Never got CoD. Used Codex: Cityfight for awhile back in the day though. My armies Desert Raiders so they don't go into cities much.

Own Planetstrike but never played a game though. Don't think my army (Mech. Guard, no vets) is set up right to be the attacker or the defender.

Got Battlemissions, use it to spice up battles between me & my regular gaming buddy. Just play 2 great games using the Surprise Attack mission, one as defender, one as attacker.

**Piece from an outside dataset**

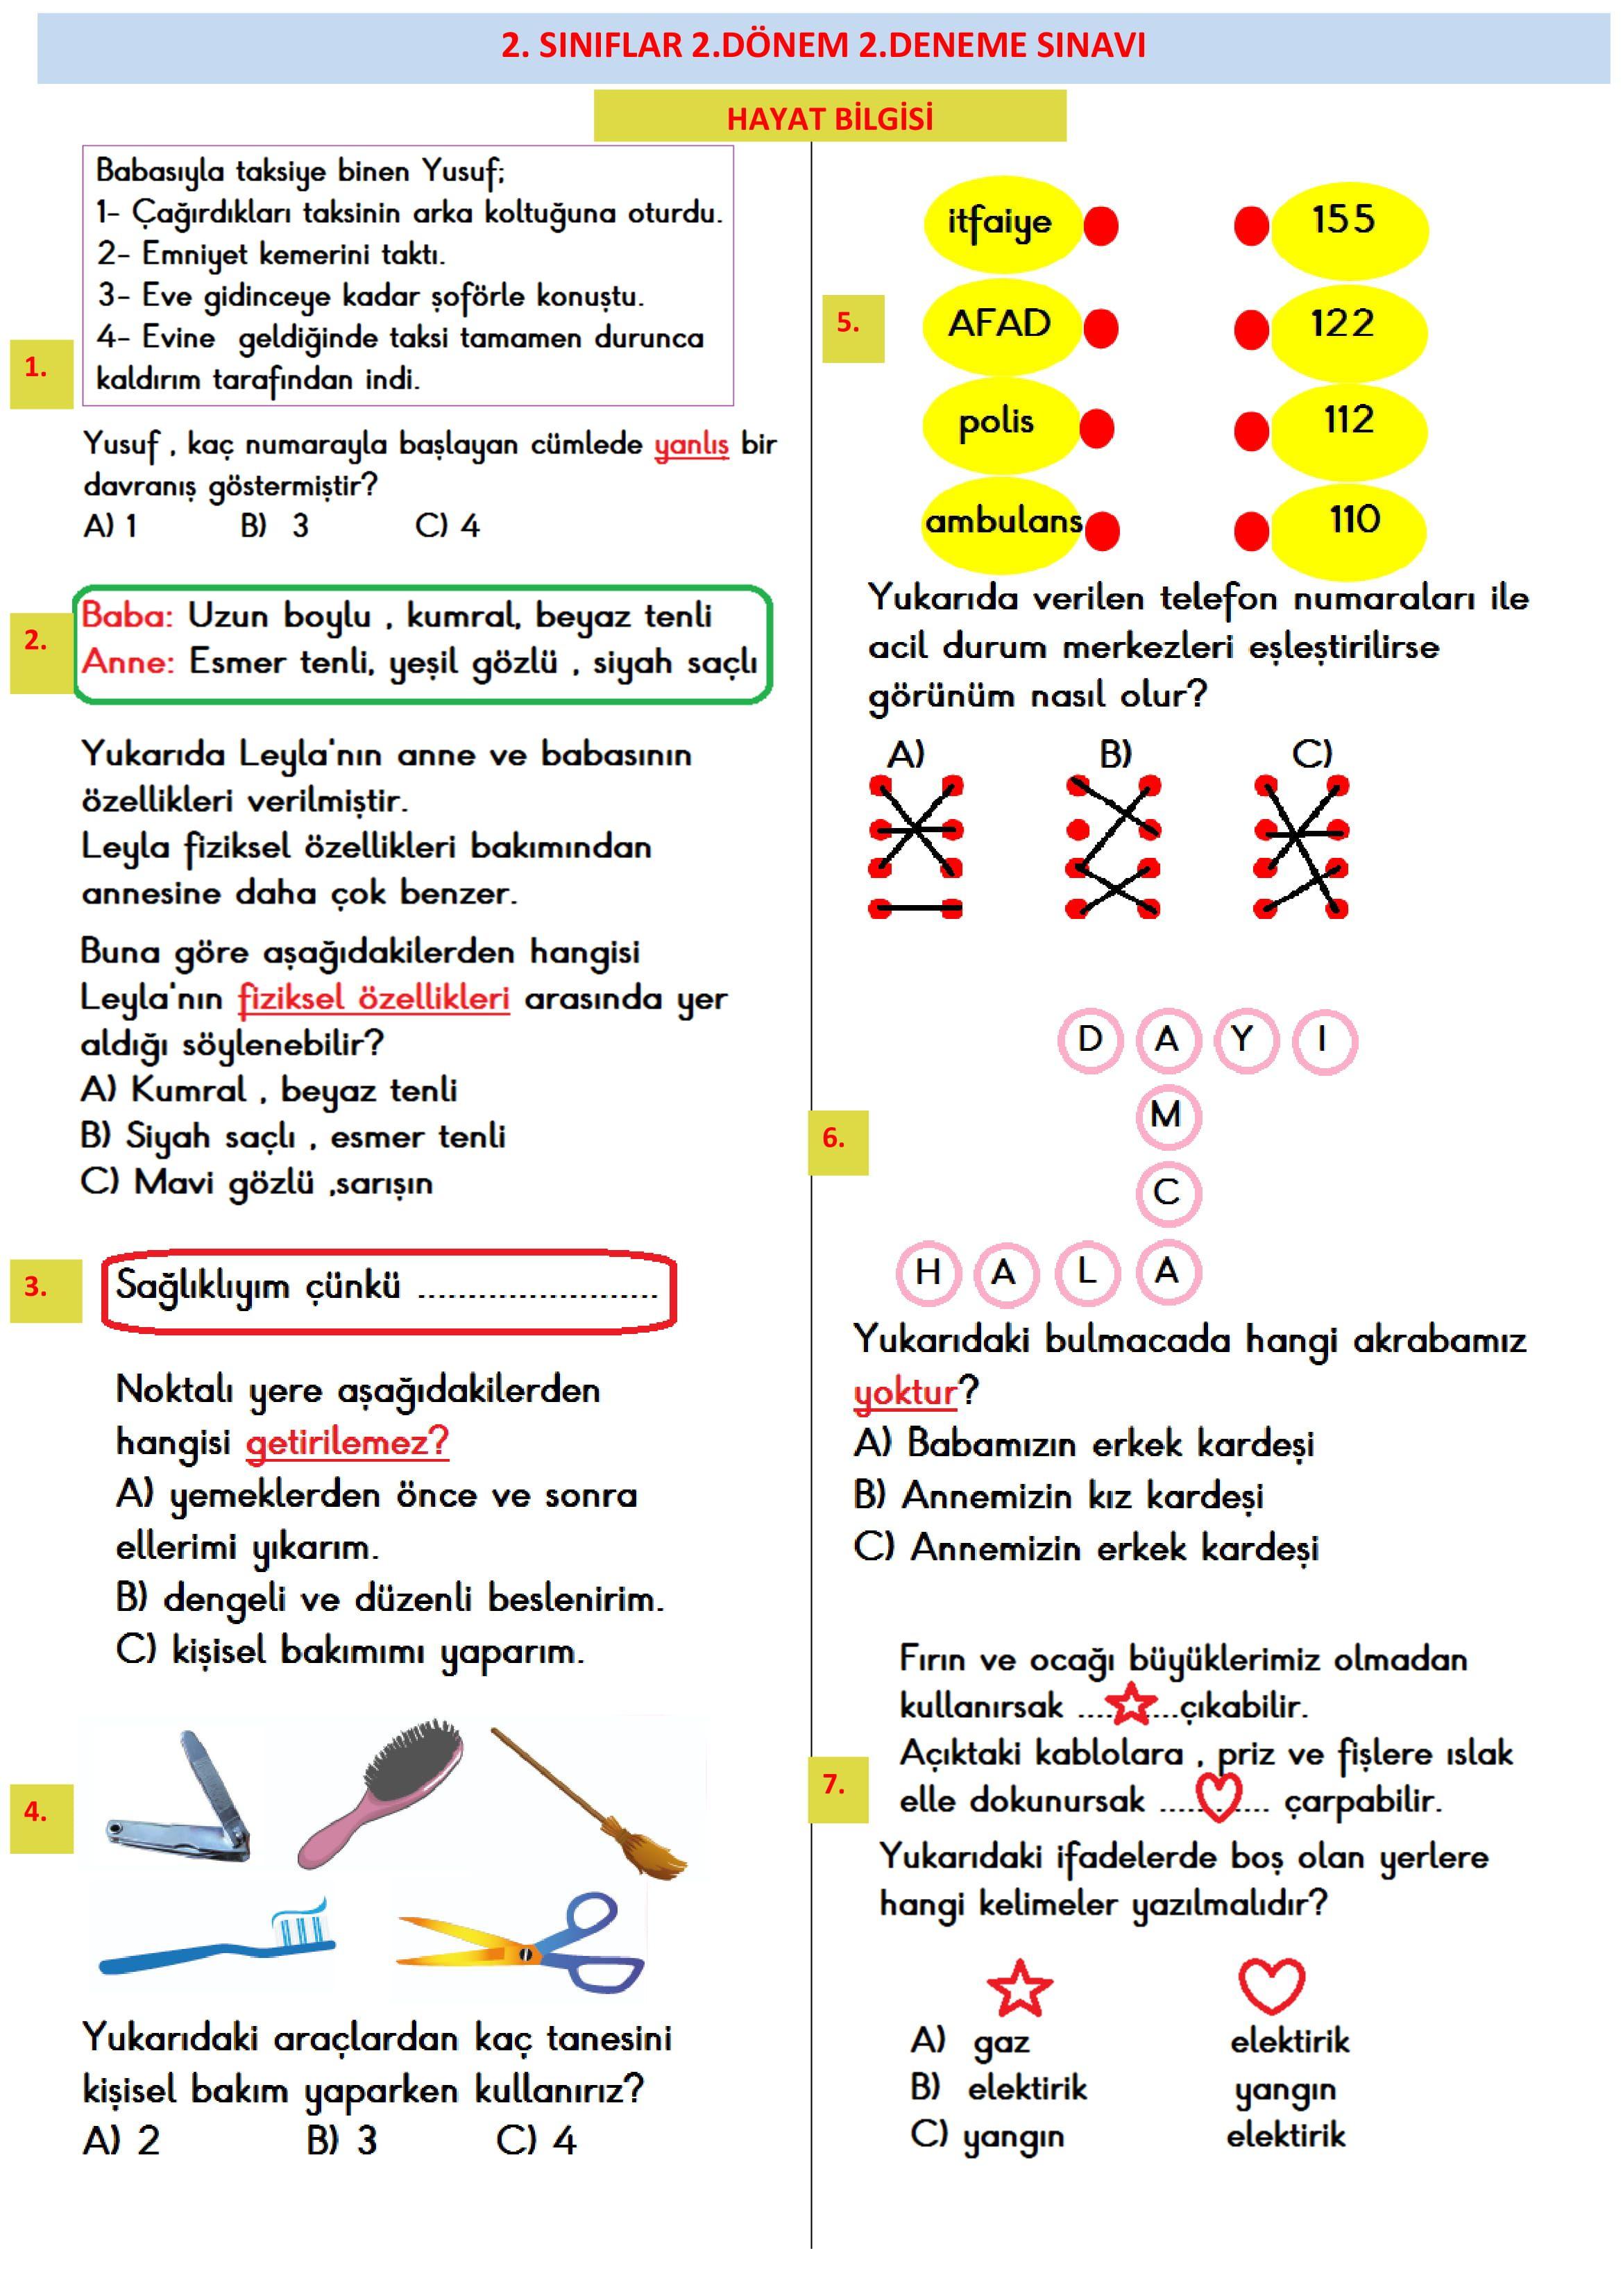 2 Sinif 2 Donem Deneme Sinavi Sinif Hayat Bilgisi Matematik Defterleri
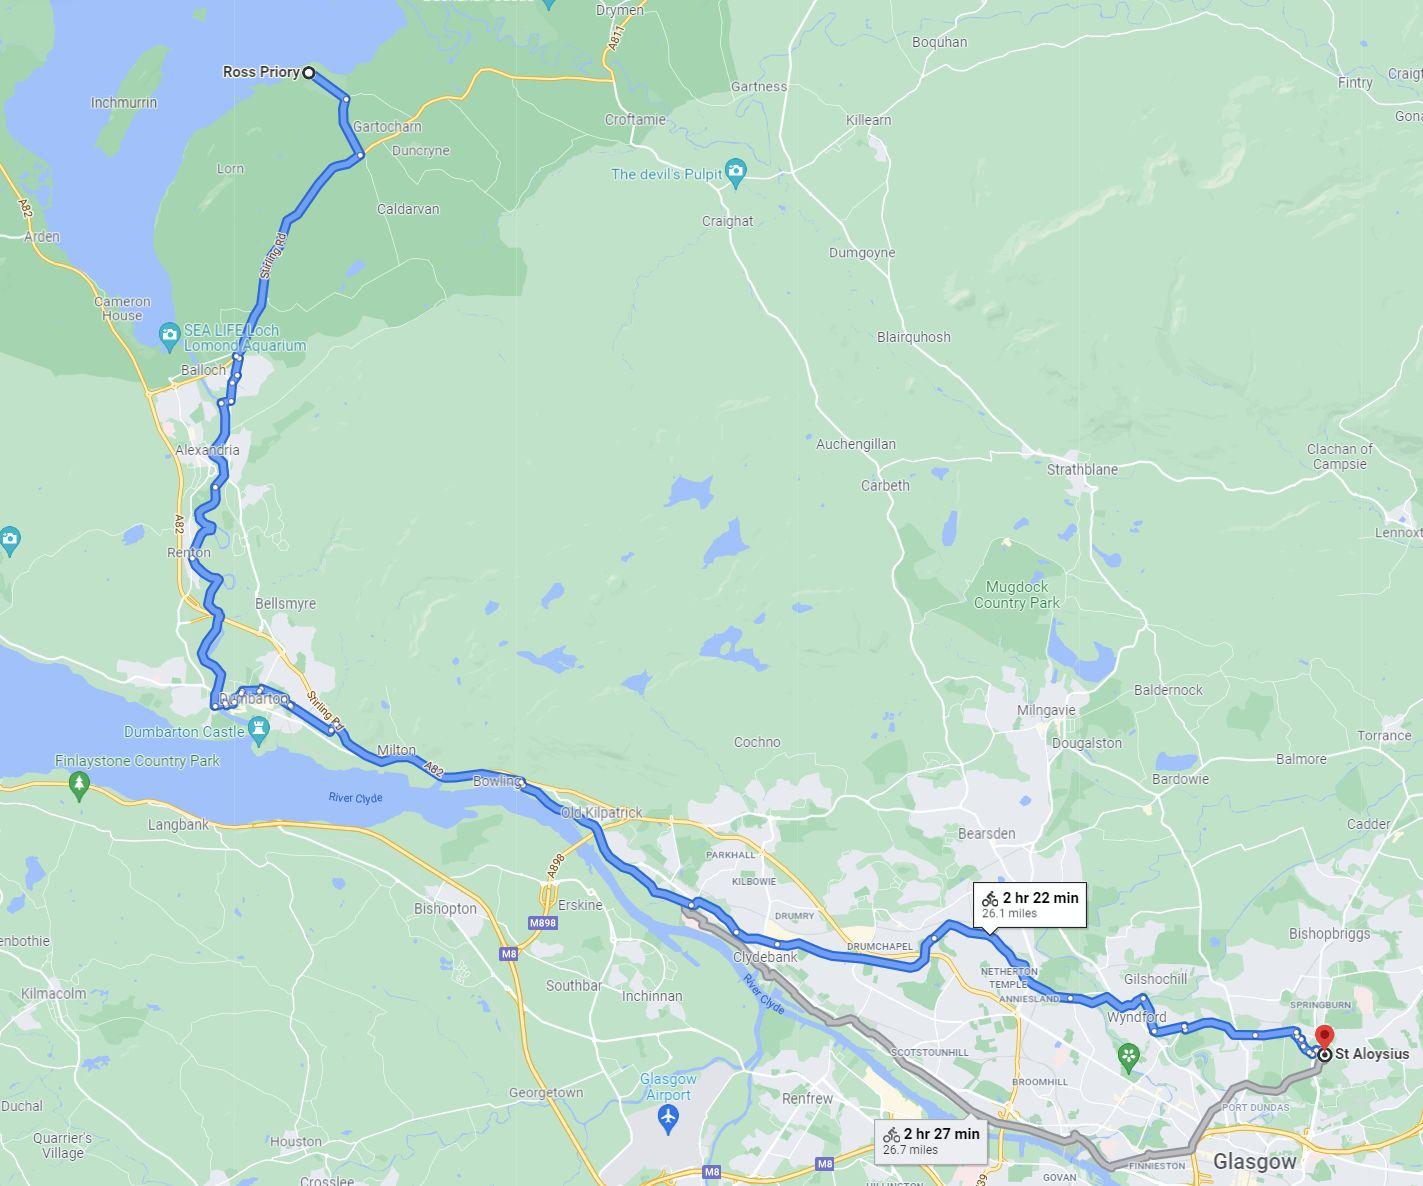 Marathon route 2

Like Spearhead, cause I'm a treadhead and already own 30+ tanks. I'm going to introduce it to my regular gaming buddy and see if he wants to play. He has lots of tanks too but I also think he'll like the fact that there's no Min. FOC requirements. He like TH/SS Terms. but hates Tac. Marines & scouts. So it'll be Land Raiders & Terms vs. Vanquisers & Executioners. Sounds like fun to me, especial on desert terrain.


----------



## Sworn Radical (Mar 10, 2011)

Battle Missions, yes.
Apocalypse scale battles when playing in-store with other people in a team.
I'd love to try Planetary Empires though ... reminds me of the old _'Mighty Empires'_ boardgame ...


----------



## Katie Drake (Nov 28, 2007)

Oh right, Battle Missions, forgot that one. I've played Battle Missions a number of times. Usually my group does it when we're feeling like playing more casually and not testing lists for a tournament and there's not enough time/space for Apocalypse.


----------



## spanner94ezekiel (Jan 6, 2011)

Play Battle Missions fairly often with friends, as well as apocalypse.
Have done a couple of Planetary Empires campaigns which were good fun, and I am keen to try cities of death.
However, spearhead and planetstrike look more trouble than they're worth


----------



## Abomination (Jul 6, 2008)

I occasionally dabble in PlanetStrike & Battle Missions but have never played Cities Of Death or used Planetary Empires. I think regular 40k is enough tbh, PlanetStrike is a bit different but the 40k ruleset has enough problems without these expansions dirtying the waters further.


----------



## Serpion5 (Mar 19, 2010)

Apoc - Never anymore. 

CoD - Never. 

Planetstrike - Once or twice. 

Spearhead - :laugh:

Battle Missions - Not much. Occasionally Kill team.


----------



## ChaosRedCorsairLord (Apr 17, 2009)

They're skid-marks on the underpants of the hobby.

It's not that I hate the ideas, some of them are actually pretty good, they're just done so half-arsed. You can see the little dollar signs in the GW employees eyes as he tries to sell you one of the books.


----------



## Bayonet (Aug 13, 2010)

I've played a few battle missions and that's it so far. Some are quite fun, others are just plain shite.


----------



## Katie Drake (Nov 28, 2007)

Bayonet said:


> I've played a few battle missions and that's it so far. Some are quite fun, others are just plain shite.


So true. It's a standing challenge around my store for someone to beat the local Tyranid player in the First Contact mission. So far, everyone who has tried has failed.


----------



## Jubble (Jan 25, 2011)

Katie Drake said:


> Planetary Empires - Haven't tried it yet, mostly because I don't really like the rules GW wrote. My map campaign rules are a lot better imo. =/


Have you written these up somewhere?


----------



## Katie Drake (Nov 28, 2007)

Jubble said:


> Have you written these up somewhere?


Actually I got a PM about this not long ago, but unfortunately I lost all the data on my computer a while ago including the map campaign rules and I haven't got around to rewriting them yet, though when I do I'm sure I'll post 'em up somewhere.


----------